Potraz approves 48% data tariff increase

By Staff reporter | 17 Mar 2020 at 14:28hrs
Potraz
THE Postal and Regulatory authority of Zimbabwe POTRAZ has approved a tariff data increase of 48% and another one as well. On the voice of 56% in a move received with heavily mixed feelings.

This technically means that mobile and data operators are now legally permitted to increase their tariffs to that much unless they choose to run on promotional bundles that are less than the ceiling cost.

The move was meant to cushion operators against runaway inflation and costs effect of running the business.

Operators have not welcomed this move as it is paltry and out of touch with reality against heavy operational costs and high inflation, compromising the quality of service and maintenance.
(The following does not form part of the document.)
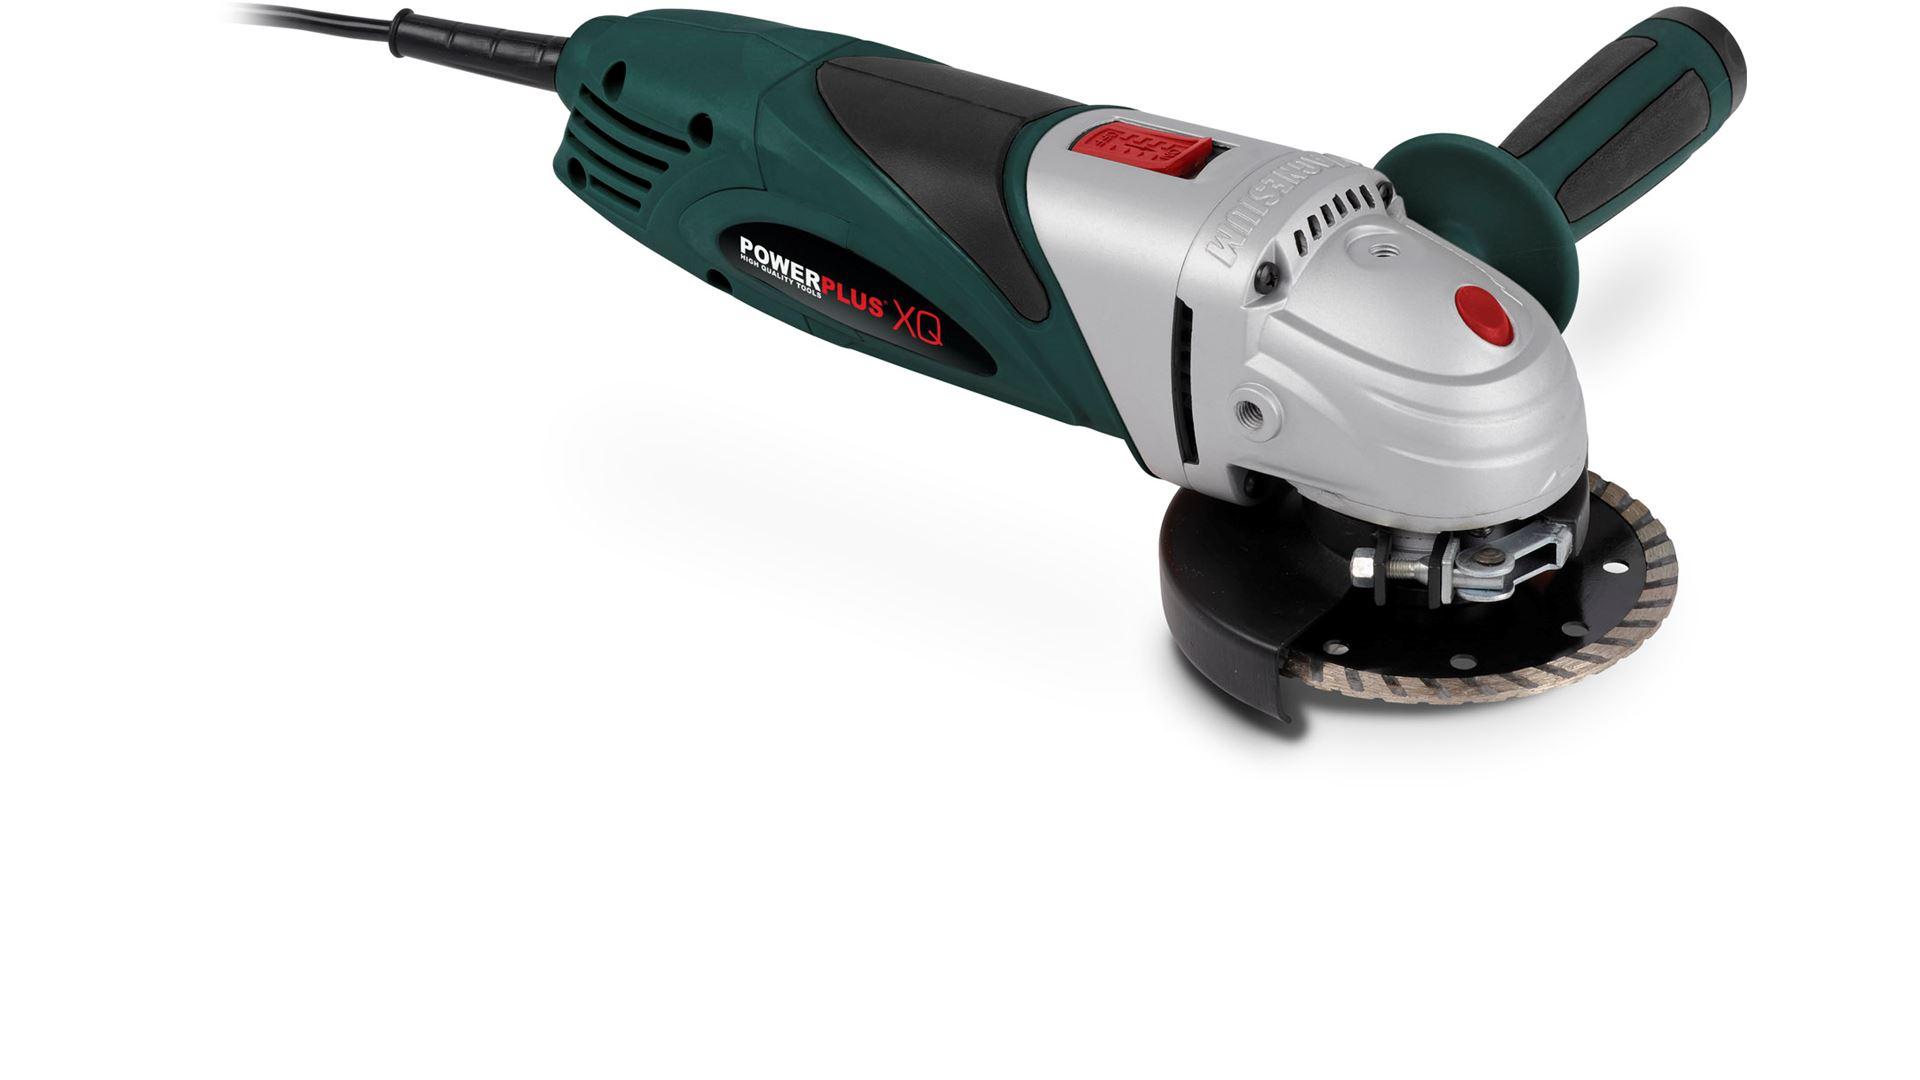 POWXQ5102 Haakse Slijper 950W Ø115mm

The same move, however, has been received with much pain and anguish by customers who are already struggling to make ends meet amidst poor remuneration, Sharp increase of basic commodities against the cost of the living basket which is flying way lower than national inflation rates.

This has not been an easy decision for Potraz who has the mandate to make sure that every Zimbabwe has access to information and communication at a reasonable cost, while at the same time they have to provide a profitable environment for all telecommunications players while safeguarding their interests.

POTRAZ is now using the cost-based billing system that demands they input the actual costs or changes in cost factor before applying the new price to data and voice tariffs.

With that in mind, Internet and telecommunications providers in Zimbabwe are continuously engaging the regulator on tariff adjustments for sustainability amidst serious operational costs.

Zimbabwe Internet Access providers pay huge sums of foreign currency to import data and bring connectivity to Zimbabwe, a cost factor that determines our local price to access.

Many Zimbabwean subscribers have cried foul to the latest adjustments with many assertions that we are now a country with the most expensive data on the world, while in contrary our RTGS value has dropped making the data rates the lowest worldwide, as a matter of fact.

The real. The issue is not on the pricing of data in Zimbabwe, but mainly the disparity between official rates and black market trade rates thus has caused a major distortion coming from. An era where operators heavily borrowed after 1:1 promise and most of them are now struggling or will not be able to pay back their debts.

The second major problem lies within affordability versus earnings, Zimbabwe finds it too expensive to buy data, because they earn less not because of its priced too high.